Comparable crime benchmarks for this specific neighborhood are not available in the dataset provided. Investors should reference broader Dallas–Plano–Irving trends and municipal reporting to contextualize risk and align insurance and security line items with observed regional patterns. Where operators pursue value-add, standard safety enhancements and lighting/visibility improvements can support resident retention and leasing.

Proximity to Major Employers

    The nearby employment base spans large corporate offices that draw commuters across South Dallas, supporting workforce housing demand and lease retention for properties with convenient highway access. The list below highlights major employers within an approximately 30–32 mile commute.

  • State Farm Insurance — insurance offices (30.6 miles)
  • AT&T — telecommunications (31.5 miles) — HQ
  • Jacobs Engineering Group — engineering & professional services (31.8 miles) — HQ
  • Builders Firstsource — building materials (31.8 miles) — HQ
  • Tenet Healthcare — healthcare services (31.9 miles) — HQ
Why invest?

This 56-unit asset benefits from neighborhood-level occupancy that trends above the metro median and a renter concentration that is competitive among Dallas–Plano–Irving peers. According to CRE market data from WDSuite, rent-to-income levels are moderate for the neighborhood, supporting renewal rates and measured rent growth without outsized retention risk.

Constructed in 1975, the property is older than nearby stock, which signals the need for targeted capital expenditures and creates value-add potential to lift effective rents and defend occupancy.

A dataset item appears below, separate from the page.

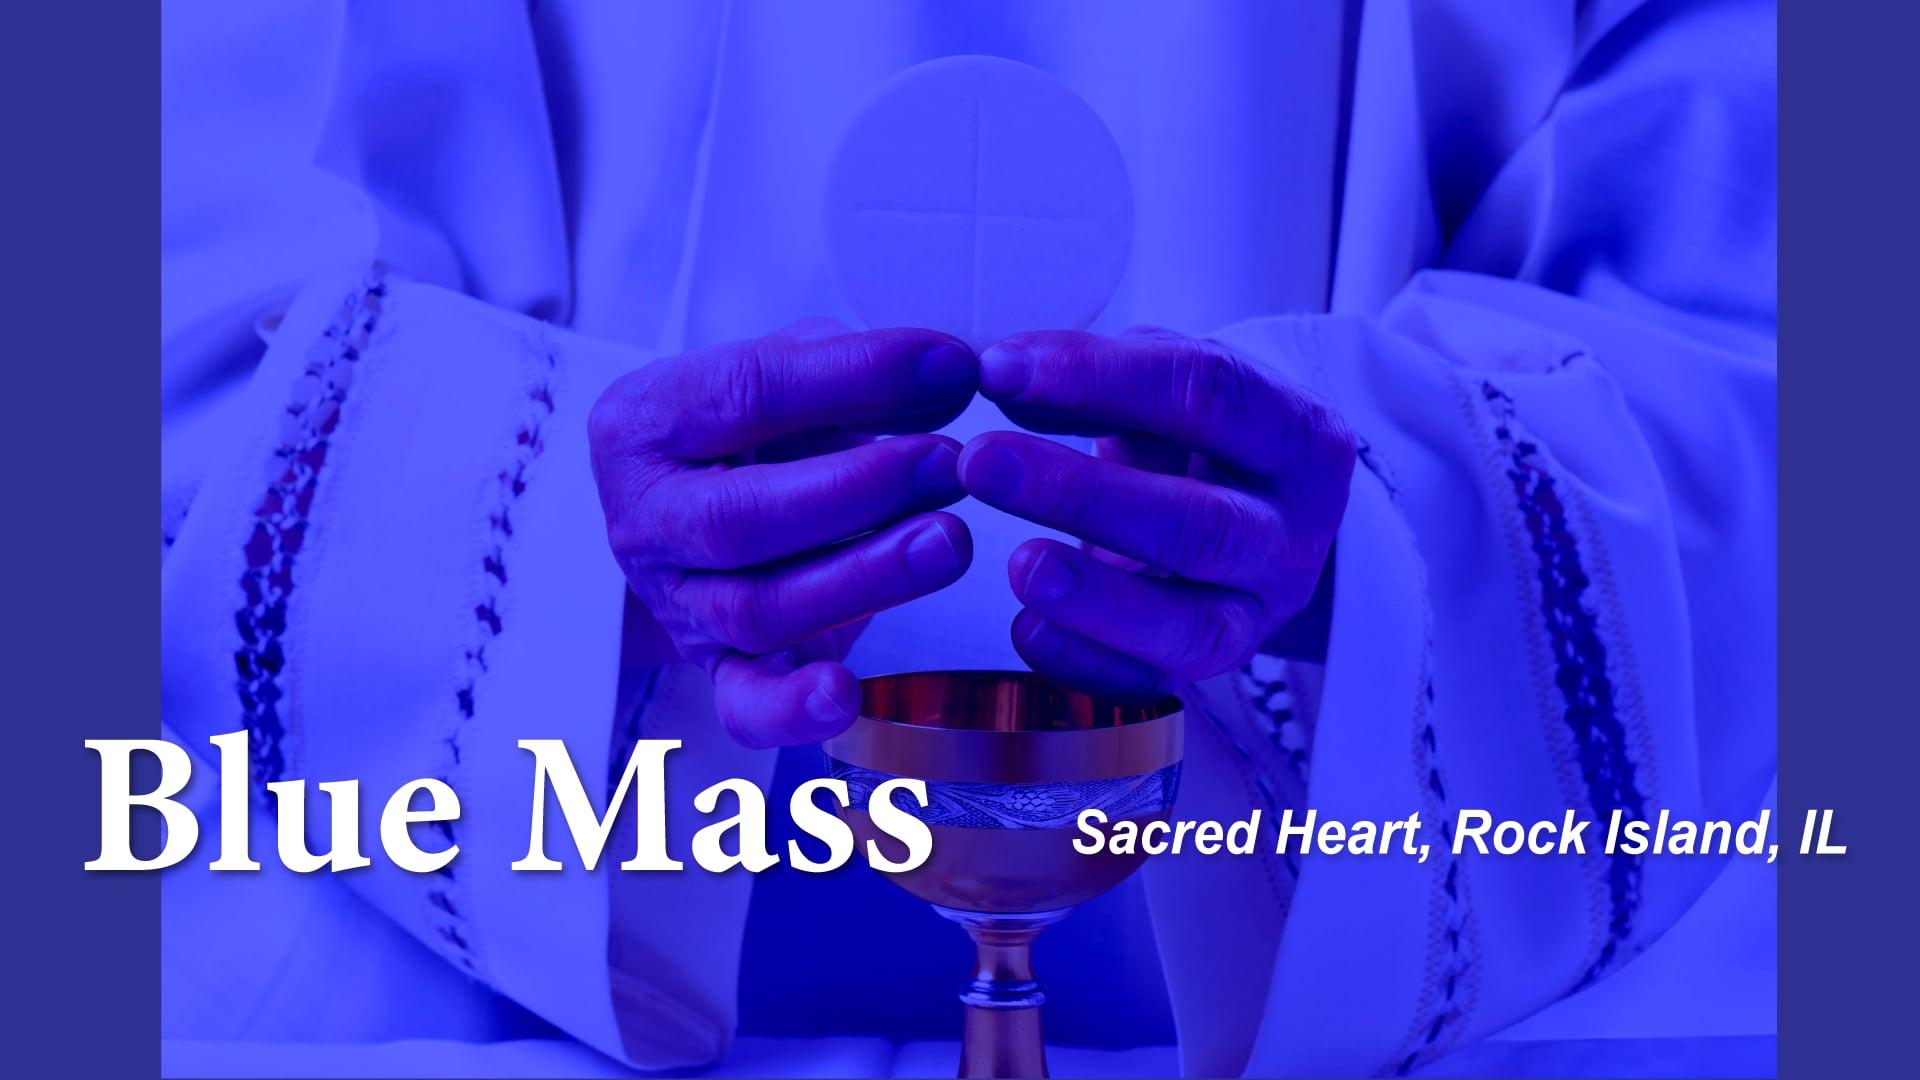 Blue Mass Sacred Heart, Rock Island

Within a 3-mile radius, projections point to an expanding household base and smaller household sizes, which typically broaden the tenant pool and support leasing stability. Counterbalancing factors include relatively accessible home values and thinner childcare/pharmacy coverage, which may influence renter preferences and require calibrated amenity positioning.

  • Neighborhood occupancy above metro median supports steady cash flow underwriting.
  • Competitive renter-occupied share indicates depth of tenant demand versus local peers.
  • 1975 vintage offers clear value-add pathways; plan for systems and interior upgrades.
  • 3-mile projections show household growth and smaller household sizes, expanding the renter pool and supporting occupancy stability.
  • Risks: accessible ownership options and limited childcare/pharmacy presence may temper pricing power without targeted amenities and management.